In a large text corpus, some words will be very present (e.g. “the”, “a”, “is” in English) hence carrying very little meaningful information about the actual contents of the document. If we were to feed the direct count data directly to a classifier those very frequent terms would shadow the frequencies of rarer yet more interesting terms.

In order to re-weight the count features into floating point values suitable for usage by a classifier it is very common to use the tf–idf transform.

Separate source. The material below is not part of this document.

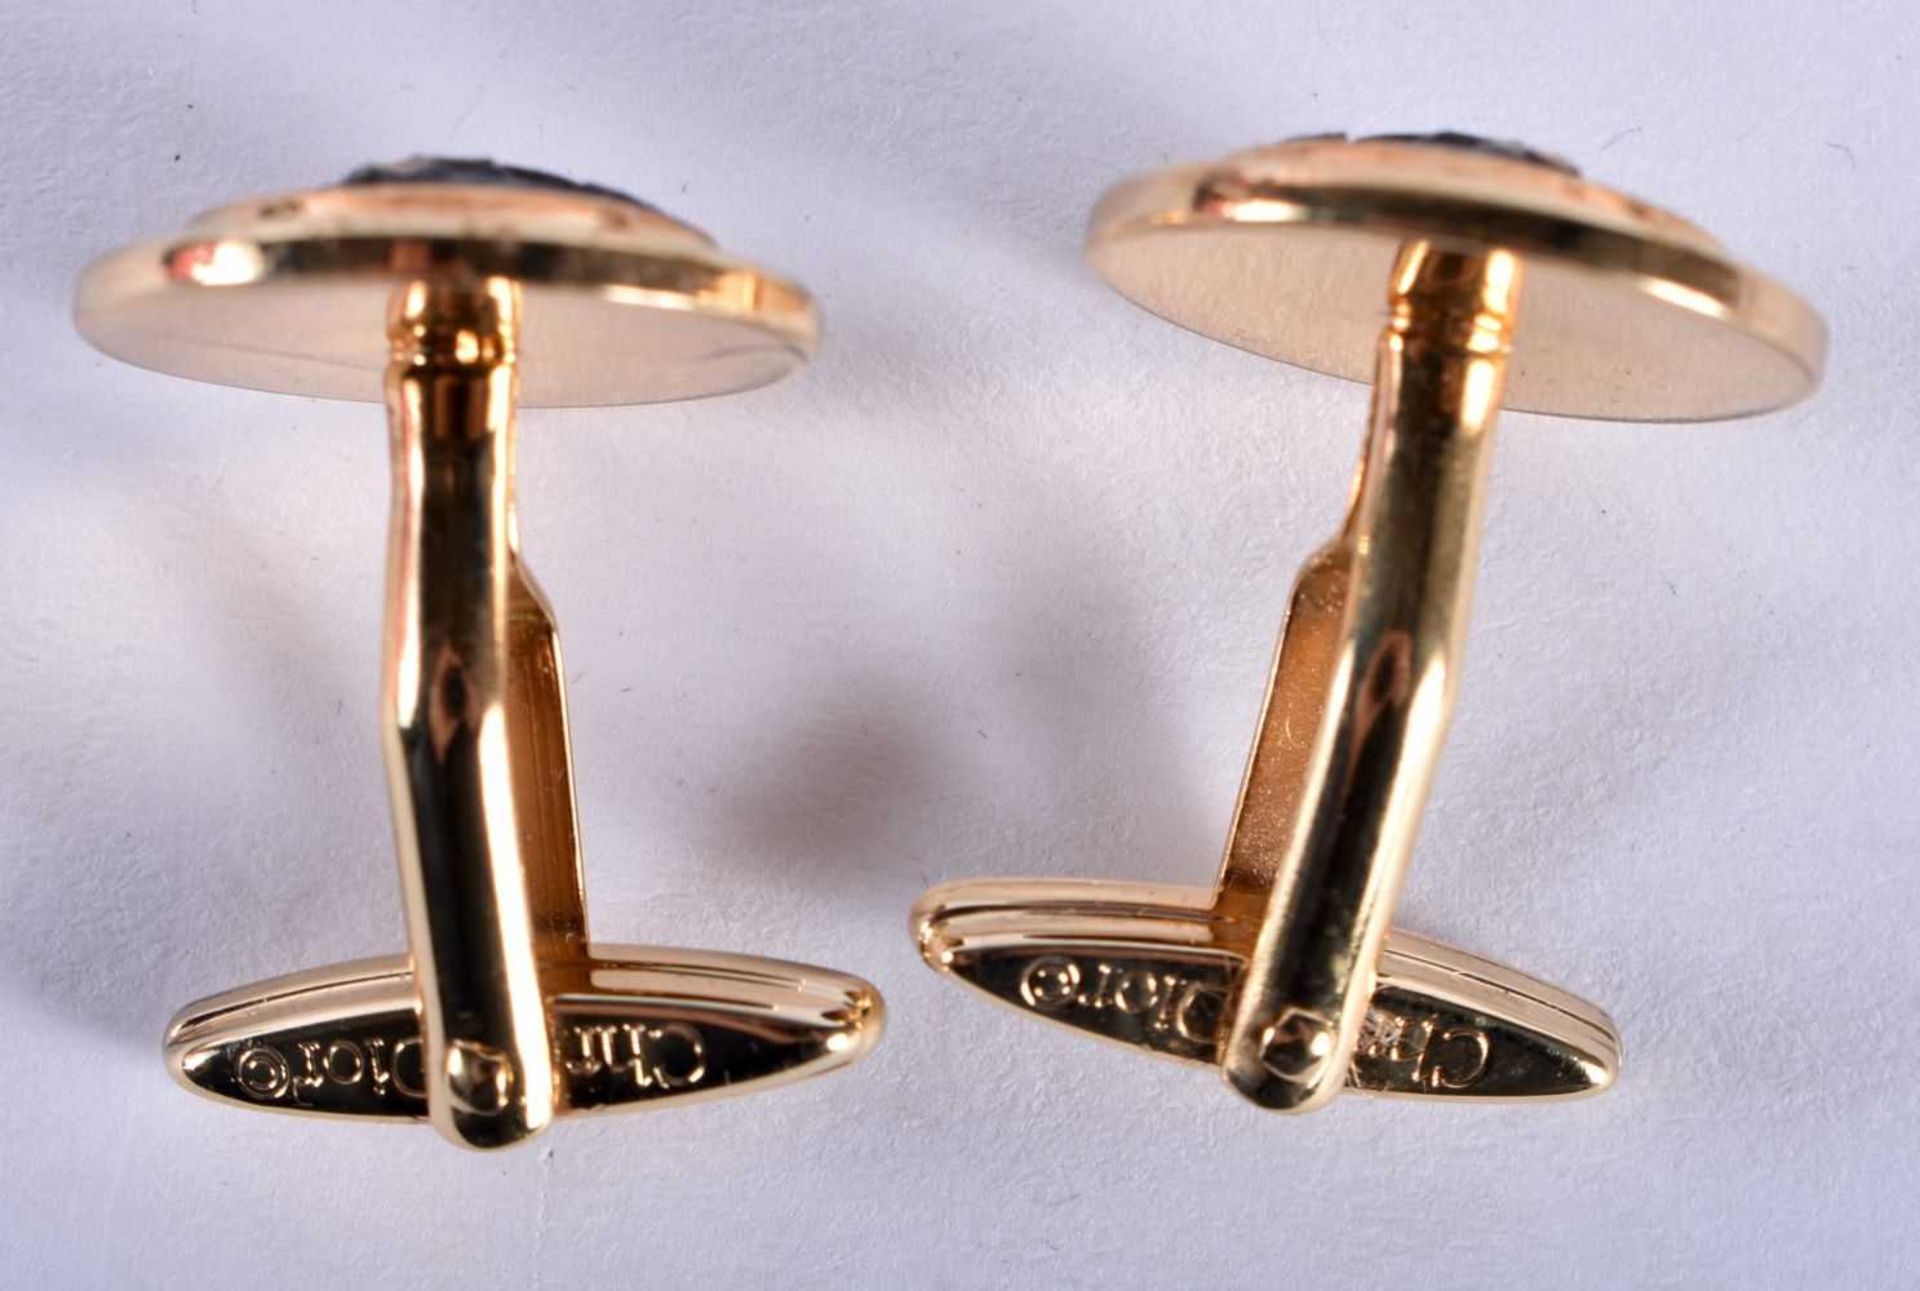 A pair of gold tone enamel cufflinks by Christian Dior (15g) - Image 4 of 4

Tf means term-frequency while tf–idf means term-frequency times inverse document-frequency.

In [63]:
from sklearn.feature_extraction.text import TfidfVectorizer
In [64]:
tfidf = TfidfVectorizer()
In [65]:
transformer = tfidf.fit_transform(text_data)
transformer
Out[65]:
<5x20 sparse matrix of type '<class 'numpy.float64'>'
	with 22 stored elements in Compressed Sparse Row format>
In [66]:
transformer.toarray()
Out[66]:
array([[0.        , 0.        , 0.        , 0.        , 0.        ,
        0.        , 0.        , 1.        , 0.        , 0.        ,
        0.        , 0.        , 0.        , 0.        , 0.        ,
        0.        , 0.        , 0.        , 0.        , 0.        ],
       [0.        , 0.53177225, 0.        , 0.        , 0.        ,
        0.        , 0.        , 0.        , 0.659118  , 0.        ,
        0.        , 0.        , 0.        , 0.        , 0.        ,
        0.        , 0.        , 0.        , 0.        , 0.53177225],
       [0.32788062, 0.26453202, 0.        , 0.32788062, 0.32788062,
        0.        , 0.        , 0.        , 0.        , 0.32788062,
        0.        , 0.32788062, 0.        , 0.32788062, 0.        ,
        0.32788062, 0.32788062, 0.        , 0.        , 0.26453202],
       [0.        , 0.        , 0.        , 0.        , 0.        ,
        0.37796447, 0.37796447, 0.        , 0.        , 0.        ,
        0.37796447, 0.        , 0.37796447, 0.        , 0.37796447,
        0.        , 0.        , 0.37796447, 0.37796447, 0.        ],
       [0.        , 0.        , 1.        , 0.        , 0.        ,
        0.        , 0.        , 0.        , 0.        , 0.        ,
        0.        , 0.        , 0.        , 0.        , 0.        ,
        0.        , 0.        , 0.        , 0.        , 0.        ]])
dir(tfidf)
In [67]:
tfidf.vocabulary_
Out[67]:
{'hello': 7,
 'how': 8,
 'are': 1,
 'you': 19,
 'coming': 3,
 'to': 16,
 'my': 11,
 'place': 13,
 'is': 9,
 'that': 15,
 '100': 0,
 'confirmed': 4,
 'we': 17,
 'will': 18,
 'have': 6,
 'lot': 10,
 'of': 12,
 'fun': 5,
 'right': 14,
 'bye': 2}

According to word weight importance, we got the vector.